For the appendices and more details, see the full post.
In contrast to previous work (e.g. Hubinger, 2019), we define deceptive alignment w.r.t. to an entity rather than a process or objective. We think Misalignment should be defined in relation to whoever is able to meaningfully shape the model’s goals. Since the goal-shaping process is a result of the designer’s intentions and the designer monitors the model in deployment, the entity designing the goal-shaping process is a better target than the process itself (see Appendix A)
To distinguish from the colloquial definition of “alignment”, which could be applied to any two parties that have a mismatch in goals, we use the capitalized Aligned and Misaligned to make clear that we’re only referring to a conflict with the designer’s goals.

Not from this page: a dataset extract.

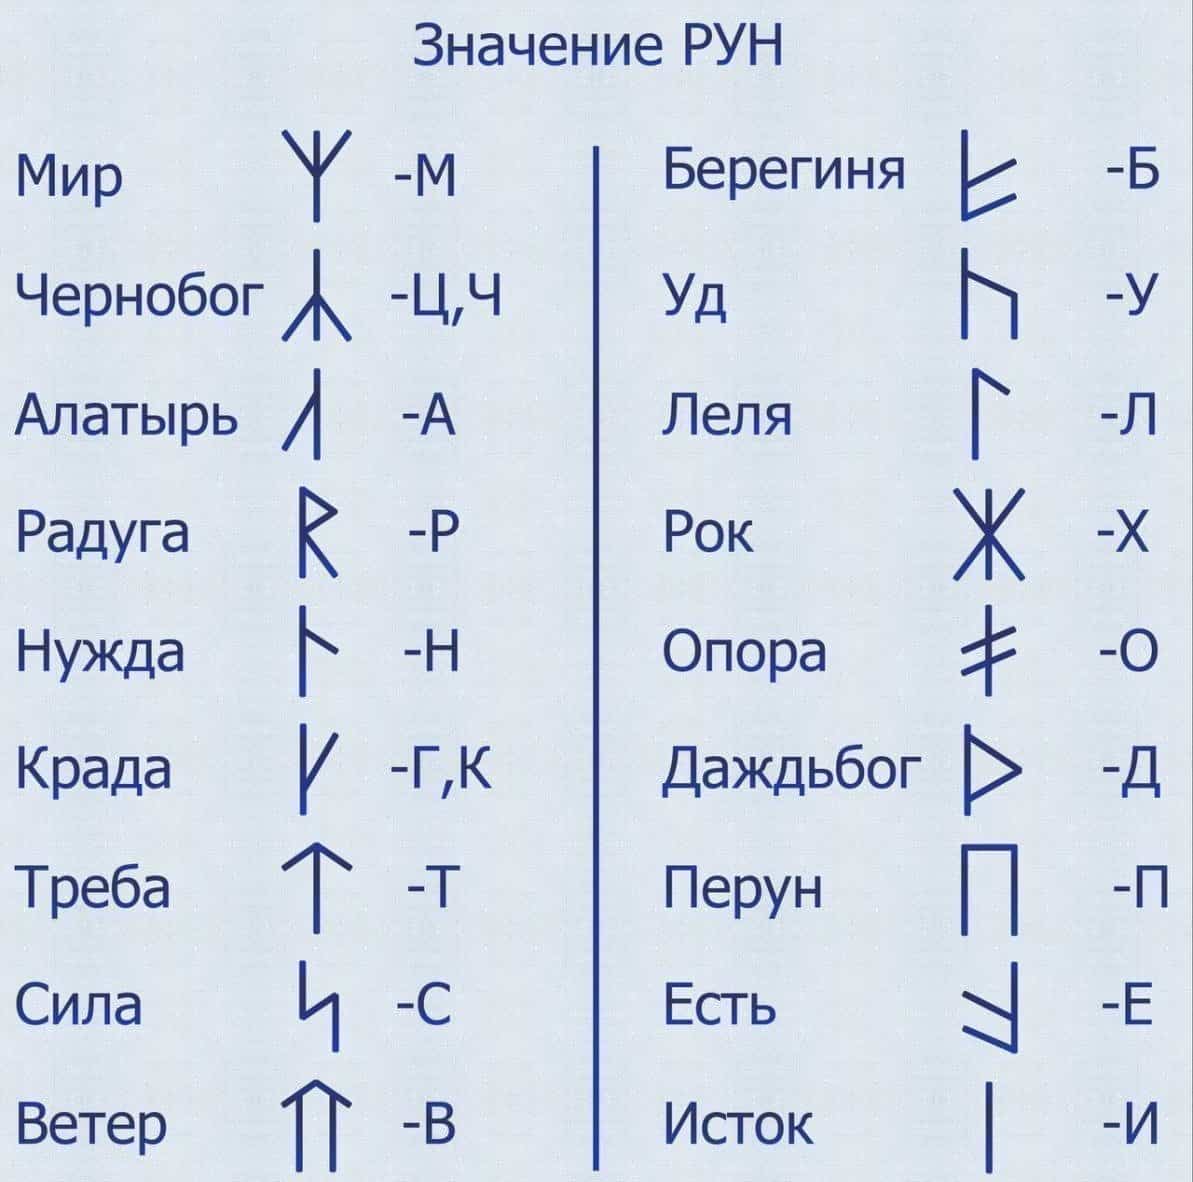 Значения славянских рун и их толкования

Note that prompt modifications that affect the perceived likelihood of oversight should NOT count as evidence against robustness. For example, if a model stops revealing its misalignment when the prompt includes cues that the model is being overseen, this should NOT mean that the deceptive behavior is not robust (in fact, it is an essential part of deceptively aligned behavior).
The threshold for robustness is ultimately arbitrary, but we think it makes sense to draw the line at a level that would allow the model to consistently act on that behavior even when slightly pressured. For example, an AI that only acts deceptively on a specific sequence it memorized should not fall into that category. However, an AI that coherently generalizes deceptive behavior to sequences that are outside of the training distribution should fall into the definition.